Open source also benefits the authors. It validates the paper and makes it easier to follow, which is especially important for junior authors: it's unlikely for others to spend time reproducing the method, when they don't have enough trust on the author.

How's the community doing?

Do authors often release their code?

I would say not many. I guess a major reason is that research code is usually messy -- which is reasonable. In research, you don't know whether the code you're writing now will ever be used after today, and you are often unable to plan (and make designs) for code you're going to write tomorrow. It's hard to write high-quality code in this way.

Are papers reproduced by the community?

Even worse. In fact, even the most famous results are not so popular in the open source world. I work on CV & RL, so I'll mention some most famous results in these field:

  1. ResNet (and variants) on ImageNet. Modern DL frameworks today usually have their official implementations.
  2. Faster R-CNN on COCO. The original code release was based on outdated VGG / caffe / matlab. If we want a modern version (ResNet at least), the only ones I know so far that mention matching COCO performance (within 1 mAP -- this is still not a small gap that can use the "variance excuse") are 1 2 3 4.
  3. Mask R-CNN on COCO. Published 8 months ago, there is literally no success in reproducing its performance on github. There is one which mentions matching performance on cityscapes dataset, though.
  4. DQN/A3C for playing atari games (pong excluded -- it's like MNIST).
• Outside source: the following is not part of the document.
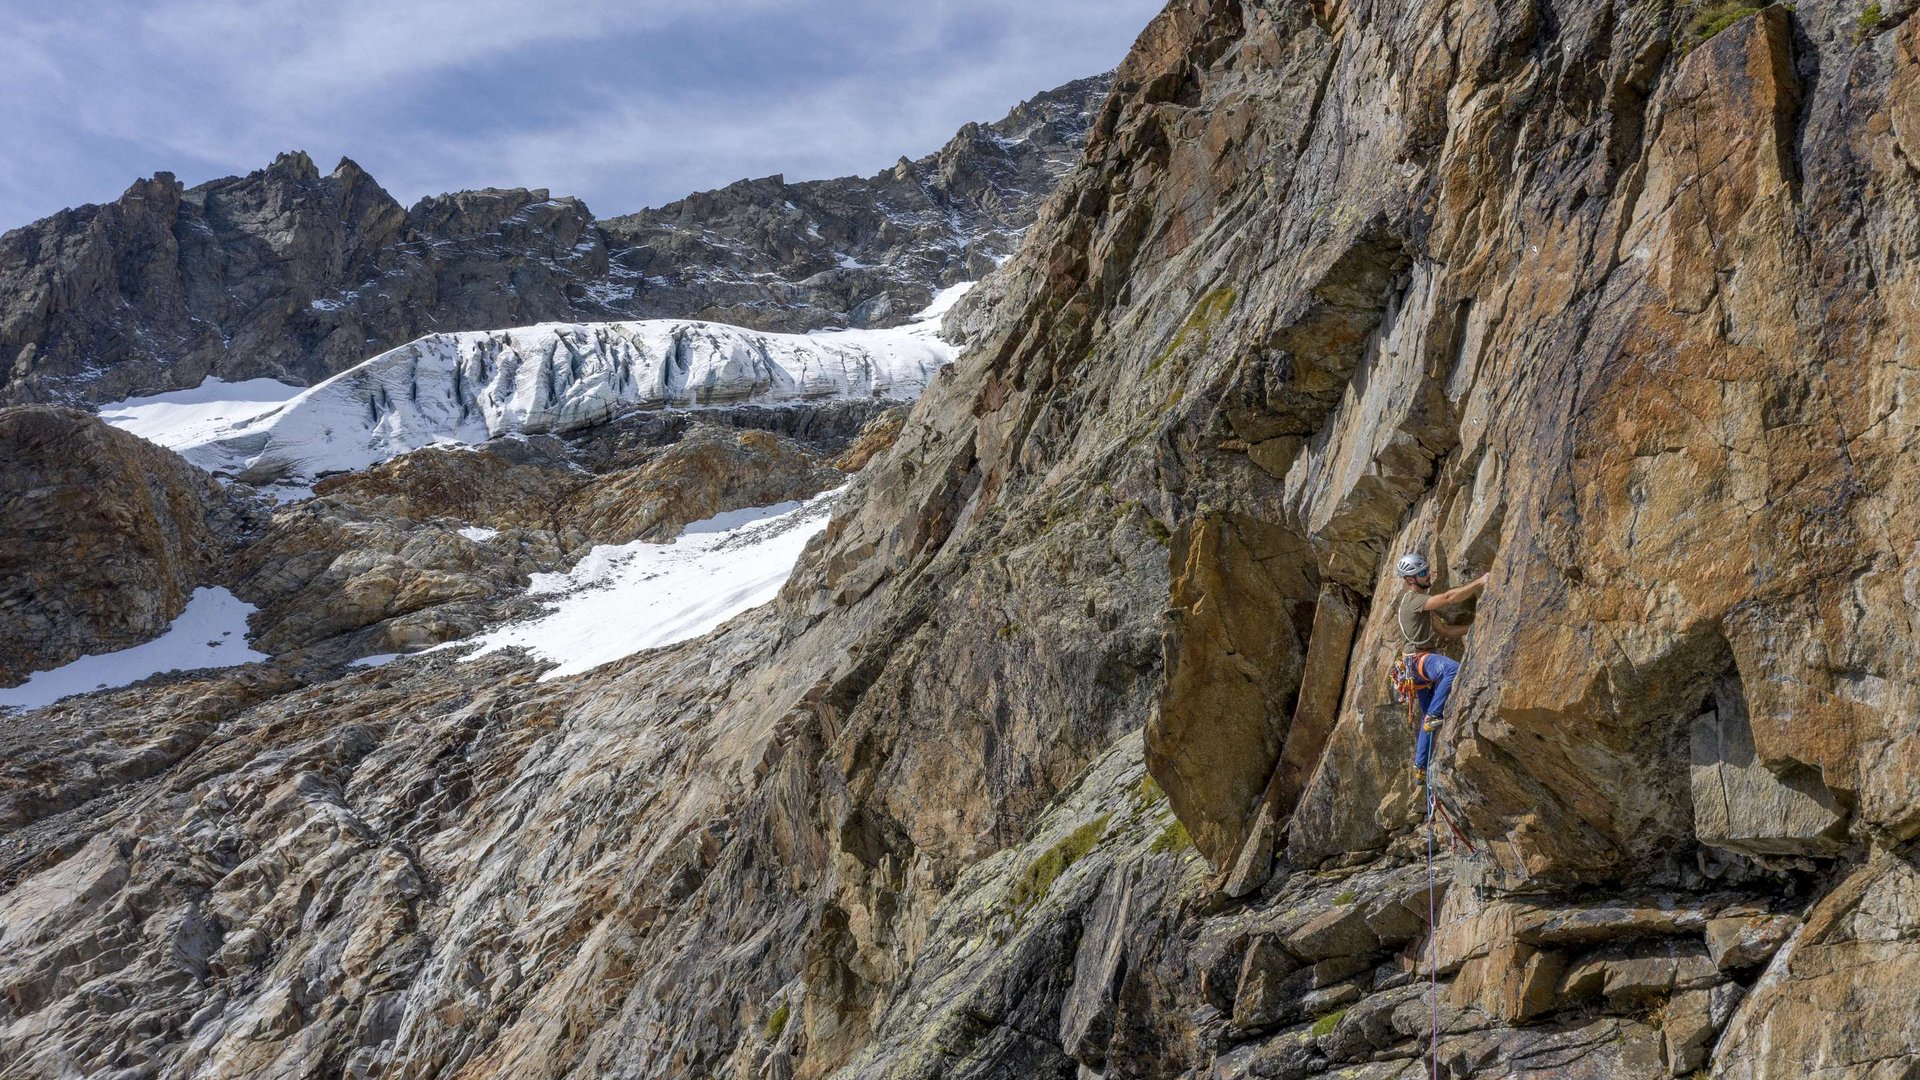 Klettern im Pitztal: Adrenalin und Nervenkitzel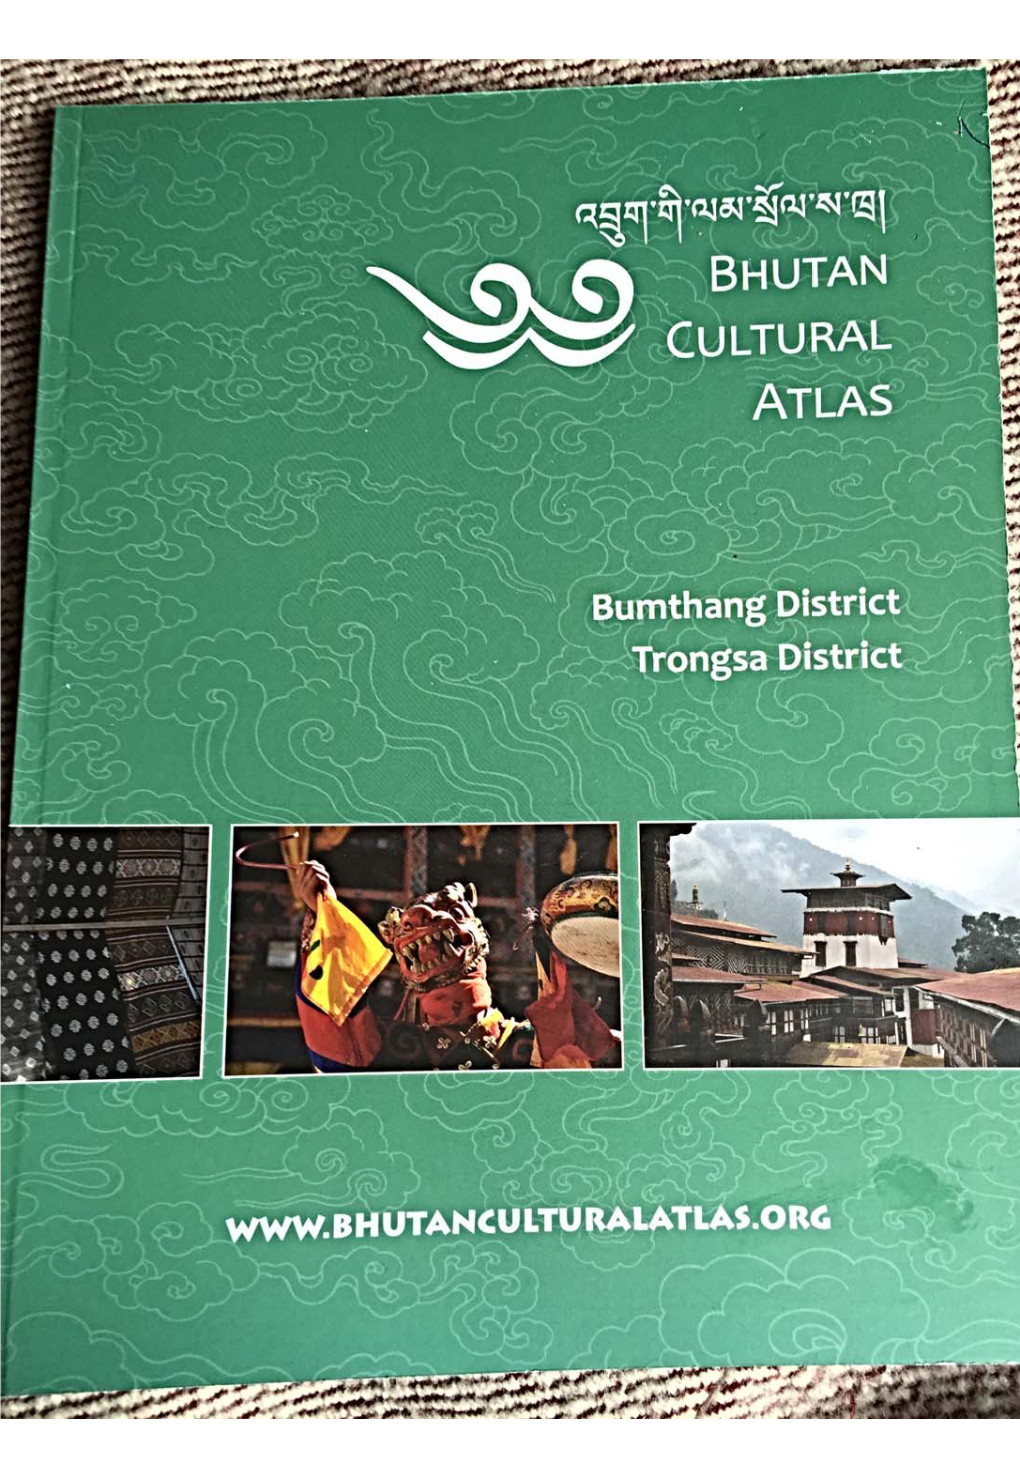 Bhutan Cultural Atlas Acknowledgements

There are many DQN repos but often didn't mention any comparable scores, and I didn't check further. For A3C the only good ones I know are 1 2 3 4.

In fact, most github repos that claim to "reproduce" these papers only implement the method, not the experiments. They do "appear to work", but as said earlier, without a matching experiment we don't know are they correct or not.

Also, if we check DL frameworks in the above links, the world is dominated by tensorflow, pytorch and mxnet. Caffe and theano are not doing well today. Another interesting thing is, none of the above results were successfully reproduced in Keras.

What we should do?

ICLR next year has a reproducibility challenge, which is a great signal that the community is addressing this issue. The challenge let students reproduce experiments in ICLR papers, and the rules basically said what we should do:

  • For authors: encouraged to release the code
  • For users of papers: reproduce some experiments in the paper

This post is written from the view of users, e.g. students, researchers trying to follow someone's results, engineers working on DL applications. If you're serious about what you're training, don't get too happy about something that appears to work. Remember that you could be unaware of your mistakes.